Finally, for the parameters involved in transition model (4), we consider the following Gaussian priors:

p (ζ_{us}) \overset{D}{=} N [ζ_{us 0}, σ_{ζ 0}^{2}], p (α) \overset{D}{=} N [α_{0}, H_{α 0}], p (τ_{s}) \overset{D}{=} N [τ_{s 0}, σ_{τ 0}^{2}],

(10)

where ζ_us0, $σ_{ζ 0}^{2}$ , α₀, H_α0, τ_s0, and $σ_{τ 0}^{2}$ are hyperparameters with preassigned values.

3.3 Posterior computation

Let y_i = (y_i1, …, y_iT)^T, Y = (y₁, …, y_N), D = (d₁₁, …, d_NT), Z_i = (Z_i1, …, Z_iT)^T, Z = (Z₁, …, Z_N), W = (w₁, …, w_N), and θ be the vector that includes all the unknown parameters in the proposed model.

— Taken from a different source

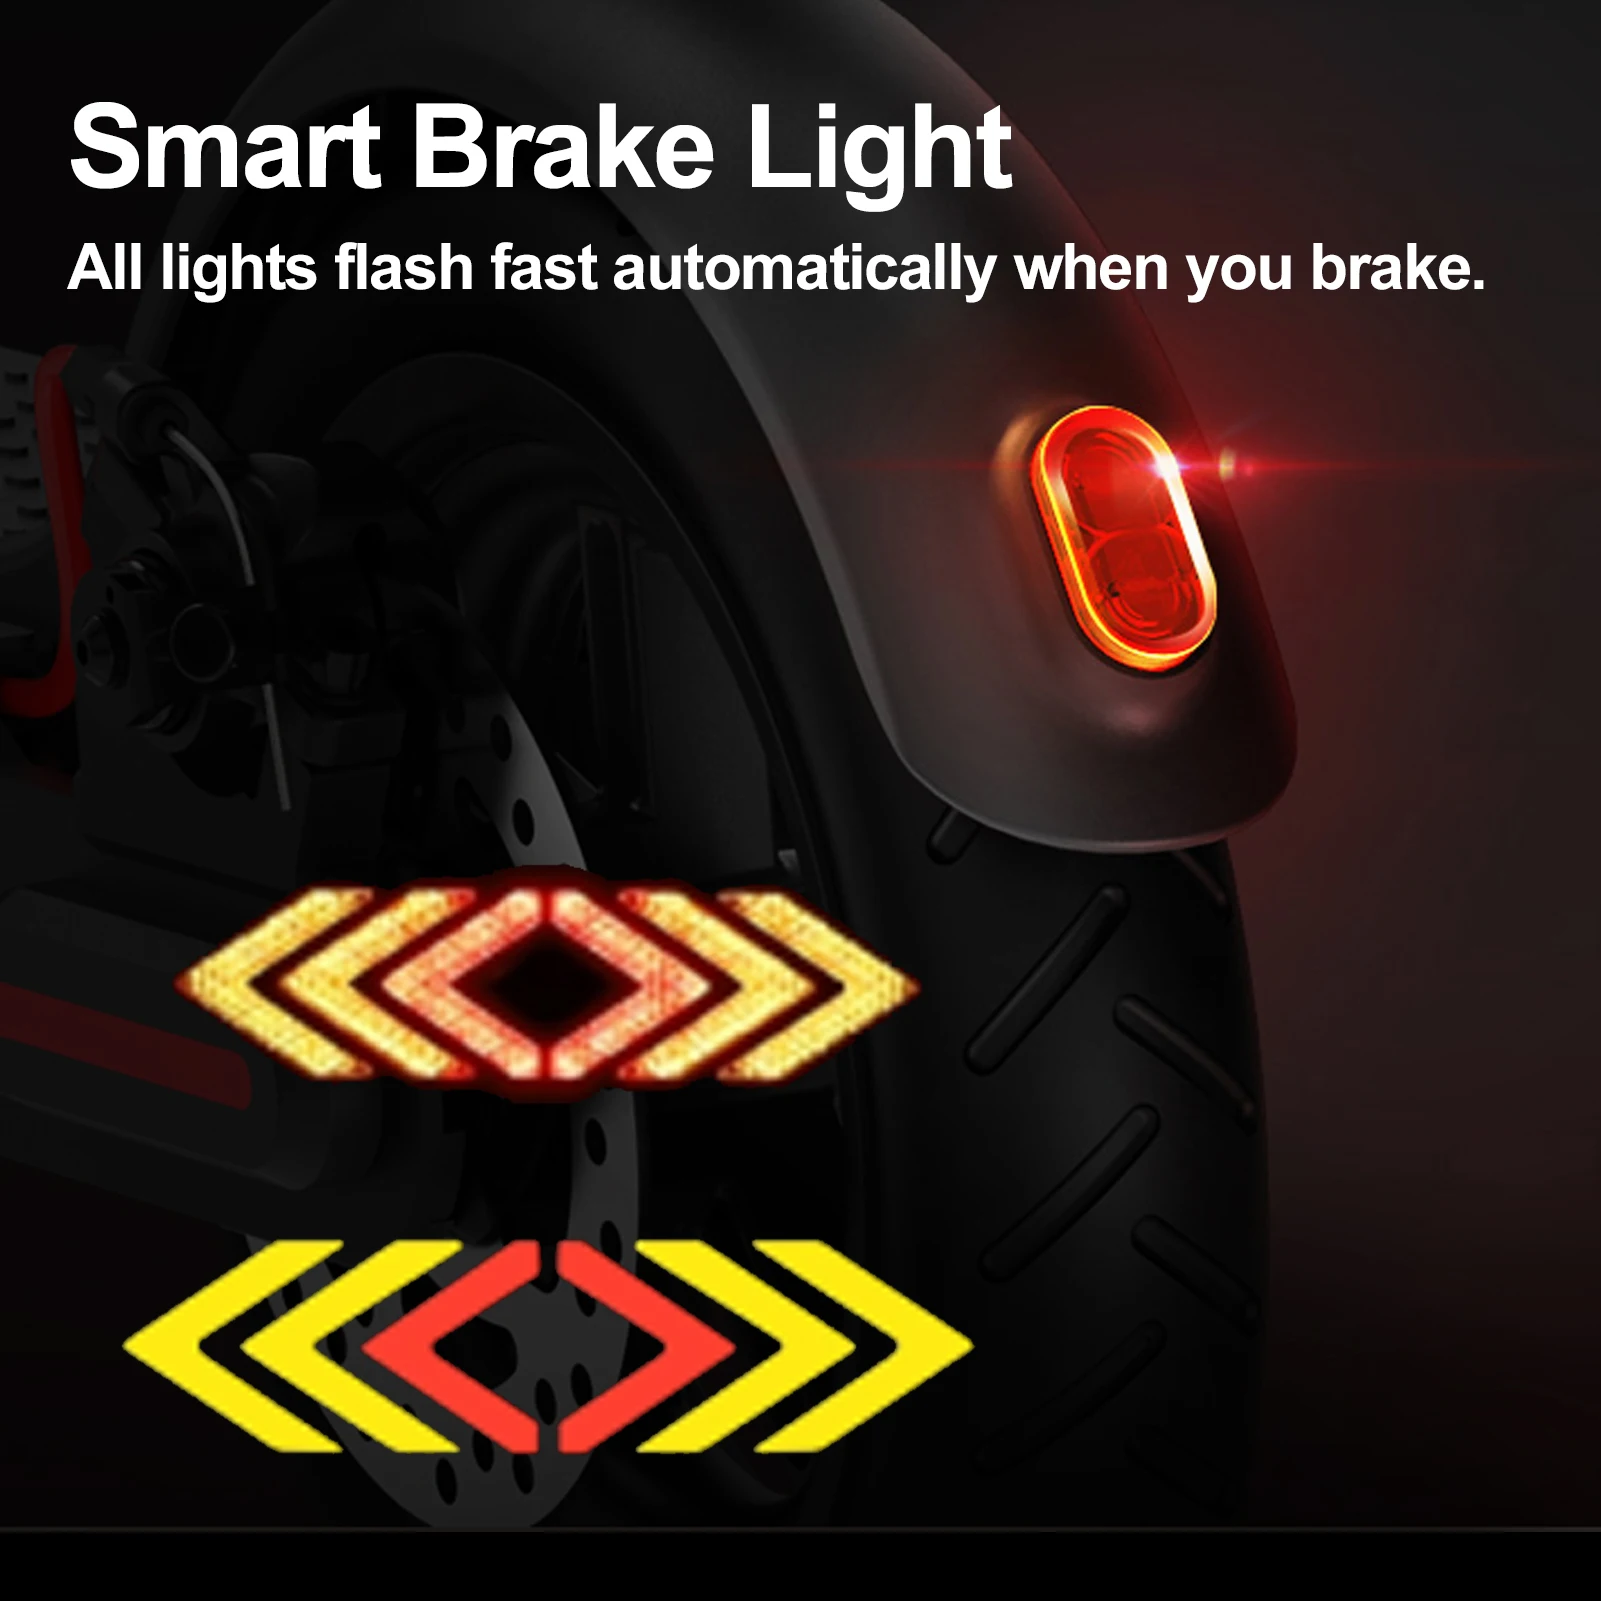 Задний фонарь электрического скутера с указателями поворота, Беспроводной пульт дистанционного управления, предупреждающий о безопасности, задний фонарь для электронных скутеров Xiaomi 2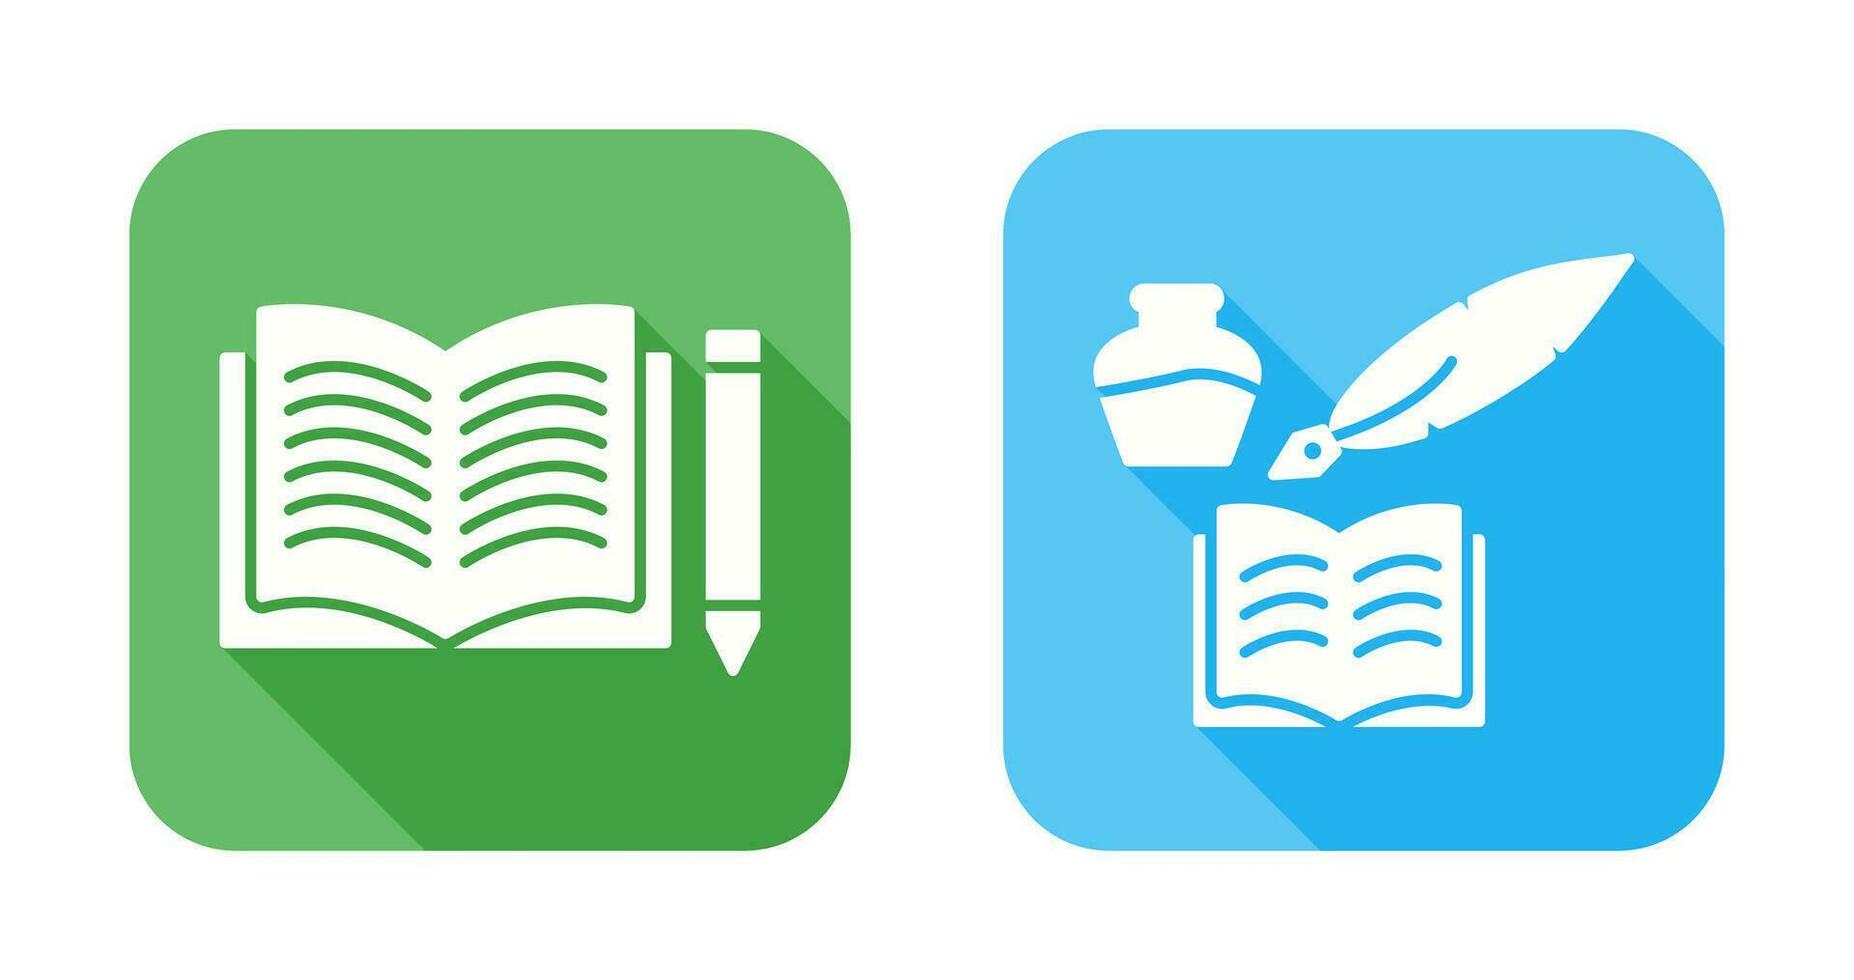 potlood en boek en quilland boek icoon vector

The complete-data log-likelihood function that is used to derive the posterior distributions and compute the model selection criterion is given by

log p (Y, D, W, Z | θ) = \sum_{i = 1}^{n} [log p (y_{i} | d_{i}, w_{i}, Z_{i}, θ) + log p (Z_{i} | d_{i}, w_{i}, θ) + log p (w_{i} | θ)] = \sum_{i = 1}^{n} \sum_{t = 1}^{T} log p (y_{it} | d_{it}, w_{i 1}, Z_{it} = s, θ) + \sum_{i = 1}^{n} \sum_{t = 2}^{T} log p (Z_{it} = s | Z_{i, t - 1} = u, d_{it}, w_{i 2}, θ) + \sum_{i = 1}^{n} log p (Z_{i 1} = s | θ) + \sum_{i = 1}^{n} log p (w_{i} | θ) = - \frac{1}{2} \sum_{i = 1}^{n} \sum_{t = 1}^{T} [log (2 π ψ_{s}) + {(y_{it} - μ_{s} - γ_{s}^{T} b_{it} - \sum_{j = 1}^{q} β_{sj}^{T} B (x_{it, j}) - w_{i 1})}^{2} / ψ_{s}] + \sum_{i = 1}^{n} \sum_{t = 2}^{T} log (p_{itus}) + \sum_{i = 1}^{n} log (p_{i 10 s}) - \frac{1}{2} \sum_{i = 1}^{n} [log (4 π^{2} | Φ |) + w_{i}^{T} Φ^{- 1} w_{i}],

(11)

where

p_{itu 1} = \frac{exp {a_{itu 1}}}{1 + exp {a_{itu 1}}}, p_{i 1 uS} = \prod_{j = 1}^{S - 1} \frac{1}{1 + exp {a_{ituj}}},

p_{itus} = \frac{exp {a_{itus}}}{1 + exp {a_{itus}}} \prod_{j = 1}^{s - 1} \frac{1}{1 + exp {a_{ituj}}}, s = 2, \dots, S - 1,

(12)

p_{i 10 s} = τ_{s}, s = 1, \dots, S,

with a_itus = ζ_us + α^Td_it + w_i2.

The Bayesian estimate of θ is obtained by drawing samples from p(θ|Y), which is intractable because of the existence of latent states and random effects. We instead work on p(θ, Z, W|Y) and use a Gibbs sampler to implement the posterior simulation. Owing to the nonlinearity of the continuation-logit transition model and the existence of the nonparametric functions in the conditional regression, some full conditional distributions, especially those related to the transition model, have complex forms. MCMC methods, such as the forward filtering and backward sampling algorithm (Cappé et al., 2005) and the Metropolis-Hastings (MH) algorithm (Metropolis et al., 1953; Hastings, 1970), are employed to sample from them. The details are provided in the Appendix.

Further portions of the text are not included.